Corcept is headquartered in Redwood City, California. To learn more, visit www.corcept.com

Responsibilities:

• Design and implement Phase I to III clinical studies
• Develop and participate in the writing and review of protocols, investigator brochures, study reports and other clinical and regulatory documents
• Provide scientific oversight for Company operational staff, CROs, and clinical trial sites in all areas related to the therapeutic programs
• Act as a clinical subject matter expert for both Company team members and for external contacts related to the assigned therapeutic programs
• Establish and approve scientific methods for design and implementation of applicable clinical protocols, data collection systems and final reports
• Act to provide medical oversight and safety monitoring for ongoing clinical trials including participation in SAE reporting and serving on the safety committee
• Play a key role in the analysis, interpretation and delivery of high-quality clinical data
• Interact with principal investigators and opinion leaders to facilitate clinical trials research
• Participate in appropriate regulatory discussion and activities, including the filing of IND’s, CTXs, NDA/MAAs, throughout the development cycle
• Provide training and ongoing input to all members of the clinical team on medical and scientific issues related to the therapeutic field in question
• Participate in clinical study report conceptualization, development and writing for global regulatory submissions
• Work closely and collaboratively with other functions, e.g. clinical operations, safety, biometrics, regulatory, medical writing, medical affairs and commercial
• Develop and give internal and external presentations as subject matter expert for the therapeutic area
• Participate in the development and review of publications
• Participate in the management of human resources in a matrixed environment – recruitment, performance management, succession planning, talent management, etc.

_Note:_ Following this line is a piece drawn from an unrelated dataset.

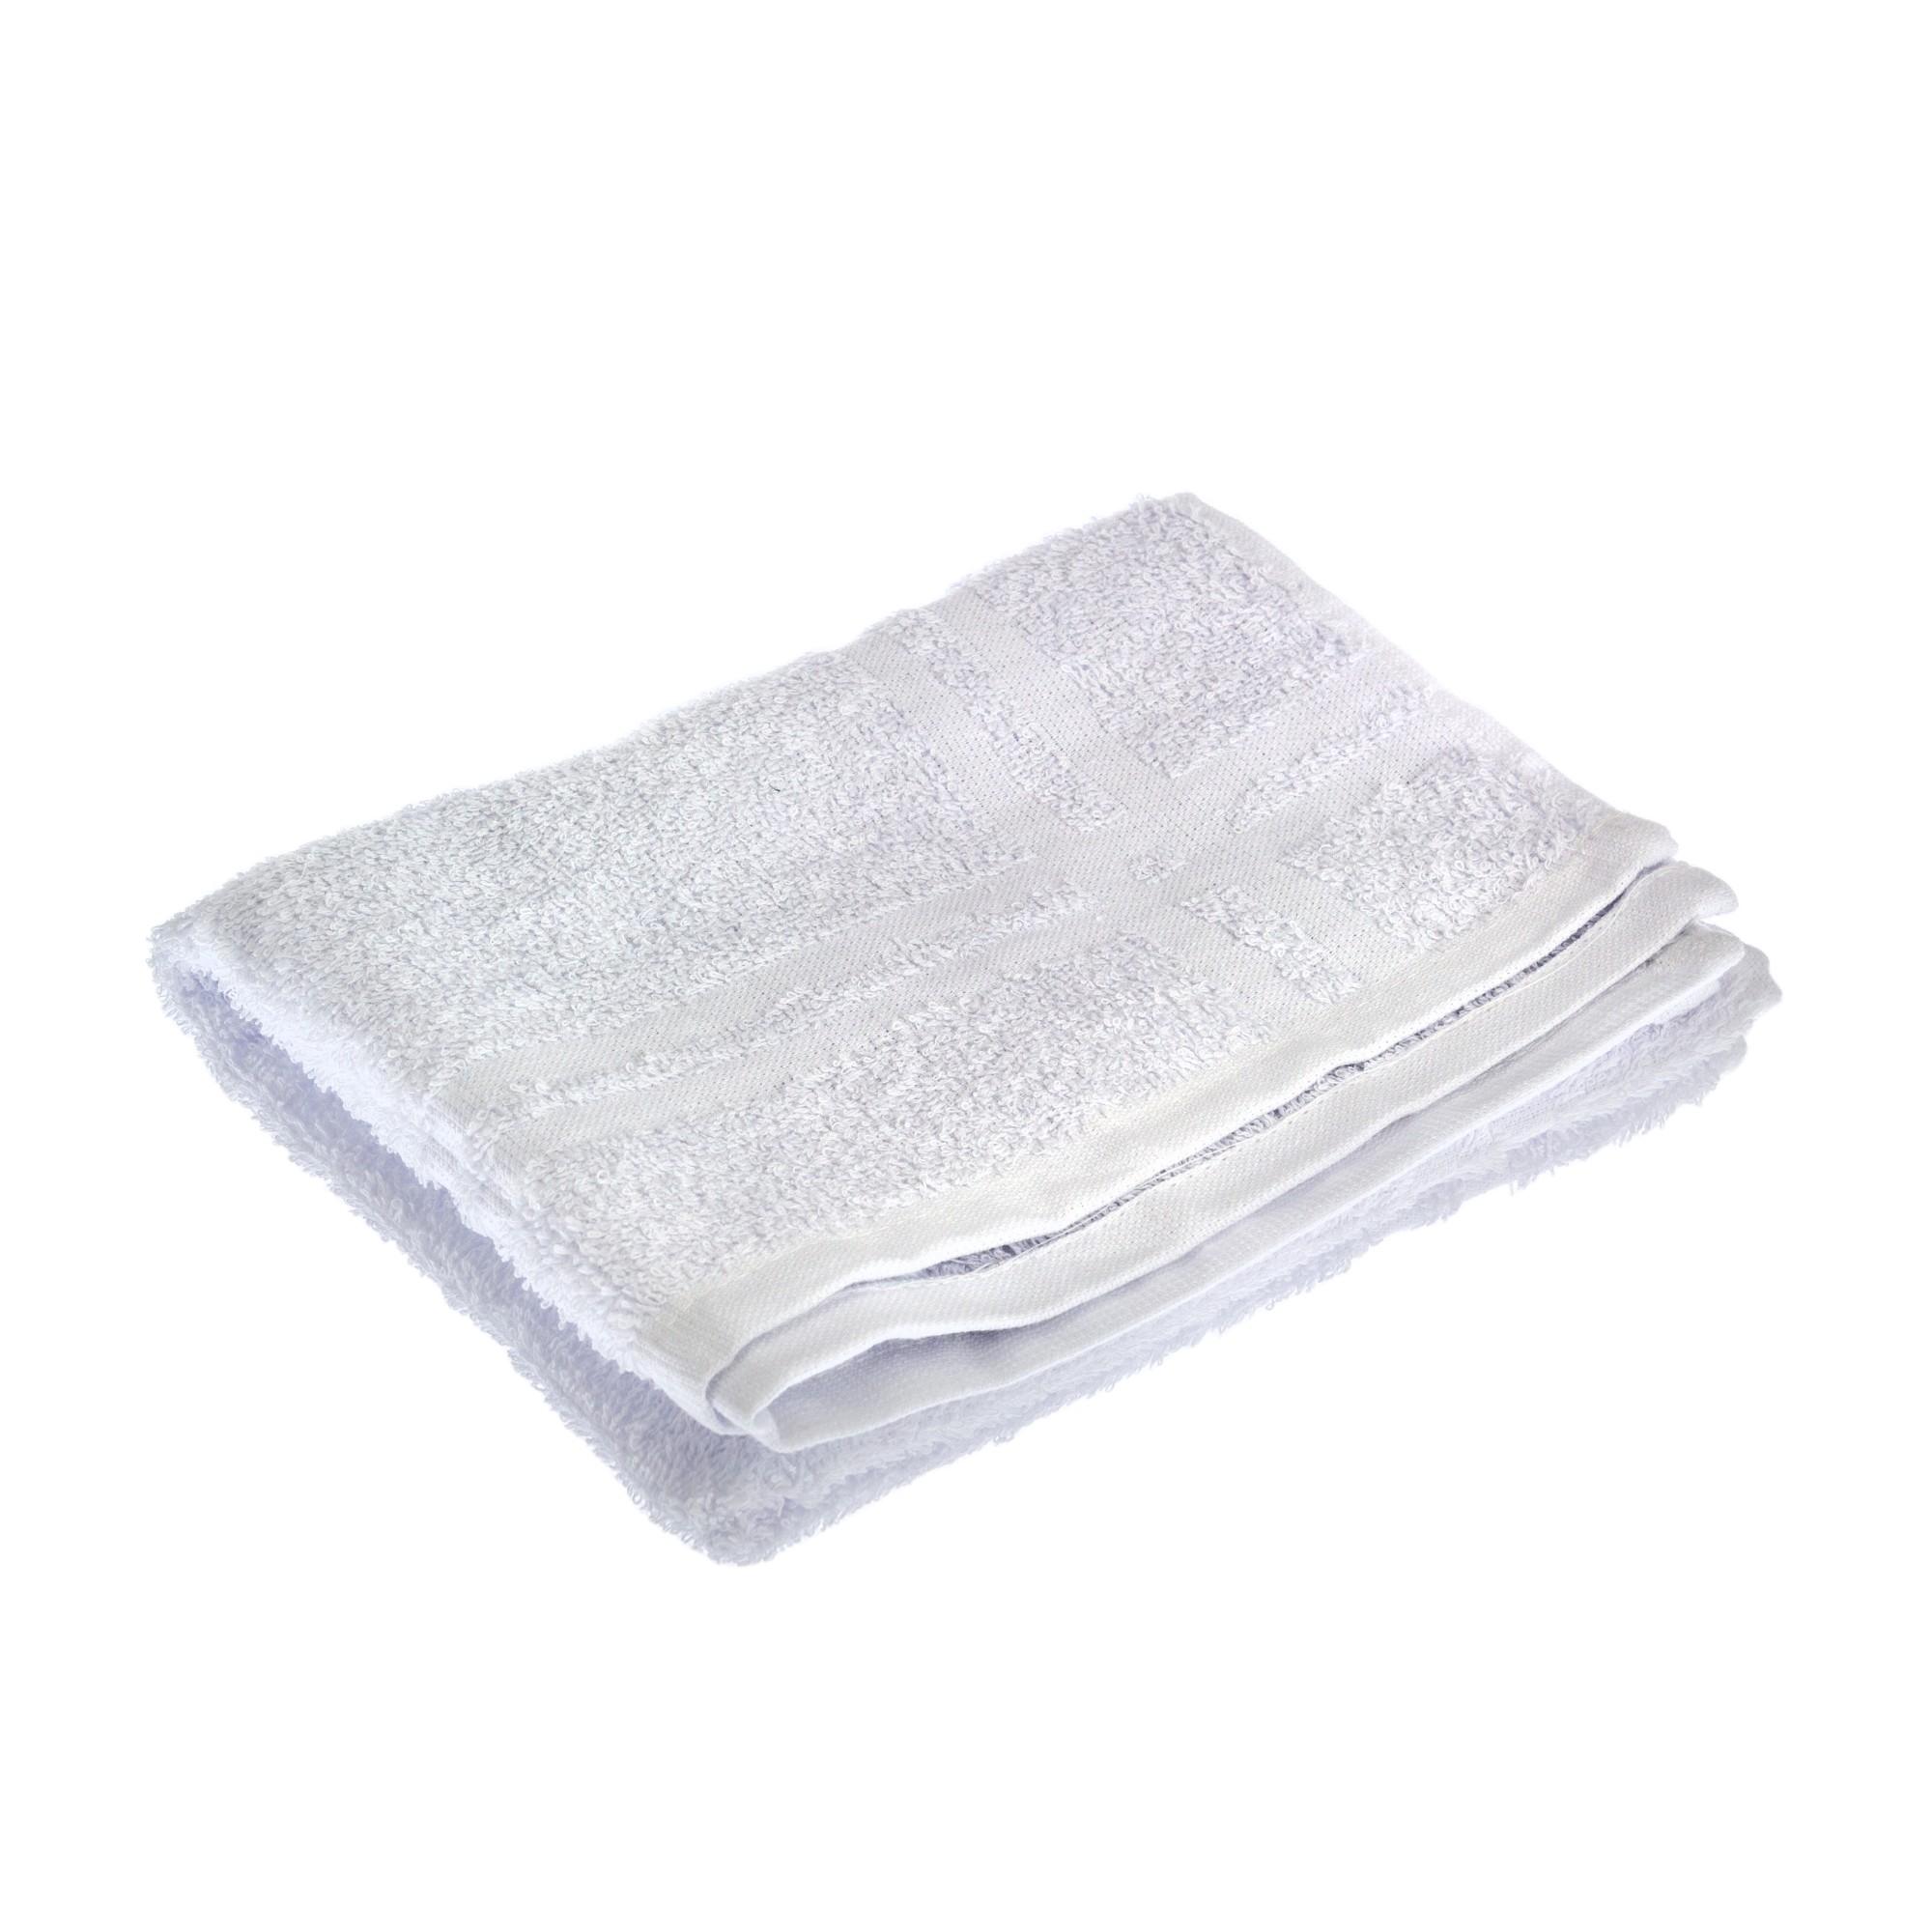 Toalha de Piso Branca Felpuda 42x68 cm 100 Algodao - Marcotex

Preferred Skills, Qualifications and Technical Proficiencies:

• Demonstrate strong clinical and scientific knowledge
• Is an excellent communicator with proven leadership skills and the ability to interact in a cross functional environment
• Feel comfortable in a fast-paced and nimble small company environment and able to adjust workload based upon changing priorities

Preferred Education and Experience:

• MD, board-certified (or eligible)
• Expertise in Oncology
• A strong track record of scientific activity, demonstrated by publications in top tier journals
• At least 6+ years of relevant clinical development experience
• Relevant basic and/or clinical research experience in academic settings is viewed favorably

The pay range that the Company reasonably expects to pay for this headquarters-based position is $298,000-$350,600; the pay ultimately offered may vary based on legitimate considerations, including geographic location, job-related knowledge, skills, experience, and education.

Applicants must be currently authorized to work in the United States on a full-time basis.

For information on how Corcept collects, uses, discloses, protects, and otherwise processes personal information and an explanation of the rights and choices available to you with respect to your personal information, please refer to our Privacy Notice link

Corcept appreciates the commitment and hard work of all our team members as we strive to discover and develop novel treatments for patients with serious unmet medical needs.

Please visit our website at: https://www.corcept.com/

Corcept is an Equal Opportunity Employer

Corcept will not conduct interviews via text message or messaging platforms and will not ask you to download anything as part of your interview. Though we use third-party tools to help with advertising our jobs, please be vigilant in checking that the communication is in fact coming from Corcept.